Да уж. Видно, сегодняшних чудес оказалось мало, чтобы говорить со стариком на одном языке. Но этот день ещё не кончился. Да и завтра будет второй. Но старик, видимо, решил не откладывать ничего на завтра:

- Без людского участия вечным ничто не простоит. Горы и те вон разрушаются. Если вернутся в село люди, тогда и дома и храм вечность простоят. Вот я тебе на счёт храма хотел сказать, что он вечен, потому как не столько железом толстым крыт, сколько крестами храним…

6

- Так, Слава, – Зосимыч остановился на  небольшой опушке, едва мы успели пройти по лесу метров сто, – сейчас мы с тобой разойдёмся, поэтому слушай внимательно.
Затем Зосимыч долго объяснял, как я должен идти, где и какие ориентиры, по которым я пойму, что всё делаю правильно.

- Не бойся, не ты первый тут новичком ходишь, так что заметок оставлено много, не собьёшься. А уж ежели что не так, завсегда по своему следу аккурат сюда и выйдешь. Теперь: считай лосиные переходы. Сколько налево прошло, сколько направо. Чем больше разница в правую сторону, тем лучше – лоси в загоне. Иди тихо. Увидишь лося, стреляй, если уверен, что не промажешь. Если нет, то отпусти – завтра с ним потолкуем.
После таких «указивок» мы разошлись, чтобы встретиться совершенно в другом месте, где я никогда не был. Я пошёл налево, а Зосимыч, постояв пару минут, тронулся вправо.

Поначалу выпало мне идти вдоль кромки леса, на которую я быстренько вышел с опушки по прогалу, видневшемуся между деревьев. Большой лес стоял здесь ровно, а вот подроста узкой полоской не хватало, вот и шёл я словно длинной аркой, скрытый от небес перехлестнувшимися надо мной лапами огромных елей. Выбравшись на поле, я пошёл вдоль стенки леса, пытаясь издали разглядеть старикову примету – раздвоенную высоченную ель, и высматривая лосиные следы. Лосиных ещё не попадалось, но зато заячьих было, хоть отбавляй. Пробежала и лиса. Рыжая подруга выскочила на поле, видимо посчитав, что лучше мышь в зубах, чем заяц в лесу. А скорее от опыта. Заяц – он тоже не так прост, чтобы обедом стать. Уж я-то знаю. Бывает и трёх собак объегорит, чтобы в лесу остаться. А тут - одна лиса. Ага, пора сворачивать в лес. Где тут поросшая дорога?

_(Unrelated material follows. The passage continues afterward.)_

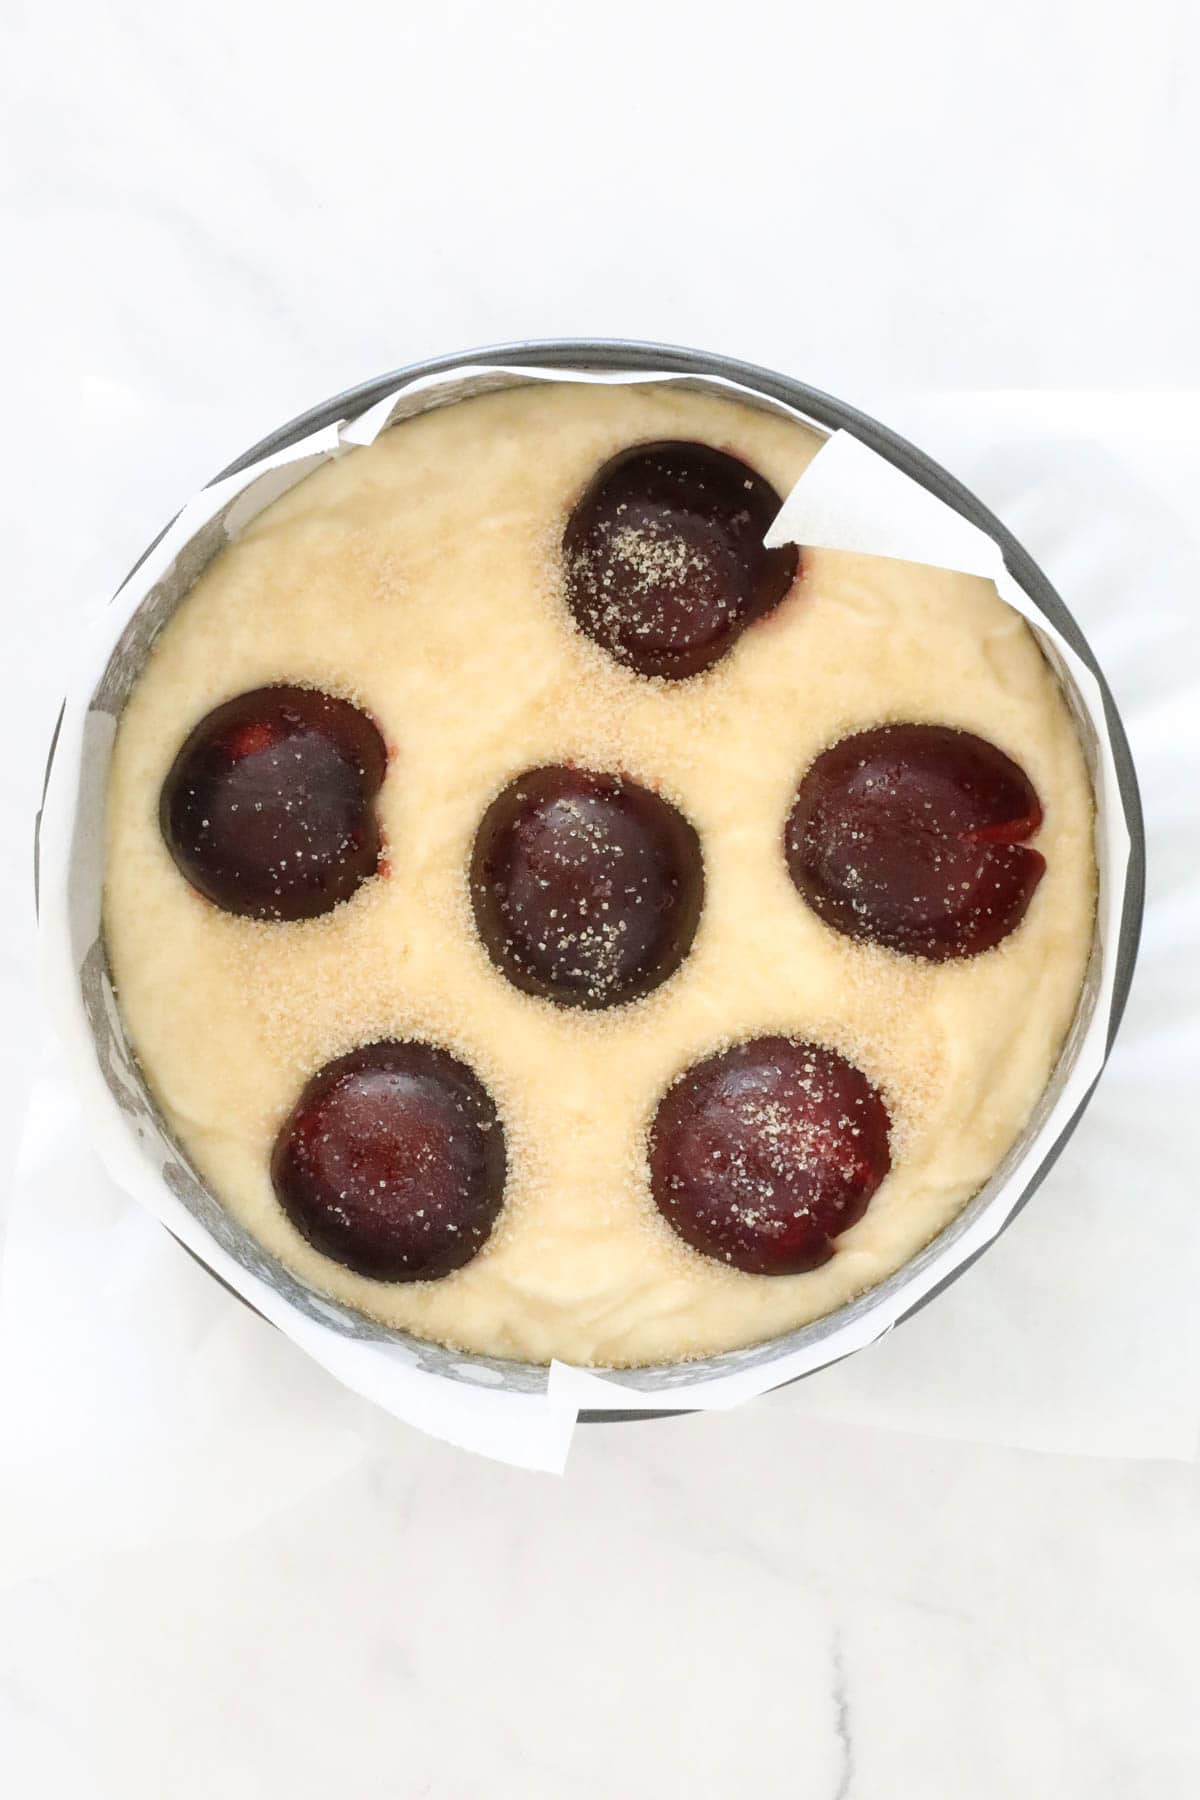 The cake batter poured into the lined cake tin, and plum halves placed on top of the batter.

Дорога заросла мордохлёстом так, что идти по ней не было никакой возможности. Поэтому я шёл рядом, используя дорогу не для движения, а как приметный ориентир, без которого мне бы ни за что не выйти к следующей точке – ориентир петлял так, что позавидовал бы любой заяц. То нырял в овраг, который я должен был пройти, то поворачивал прямо перед старой, заросшей молодым частоколом делянкой и шёл вдоль небольшого овражка, перепрыгивая его в самом, как мне показалось, глубоком месте. В общем, на движение «по дороге» у меня ушёл час. И снова - только заячьи следы…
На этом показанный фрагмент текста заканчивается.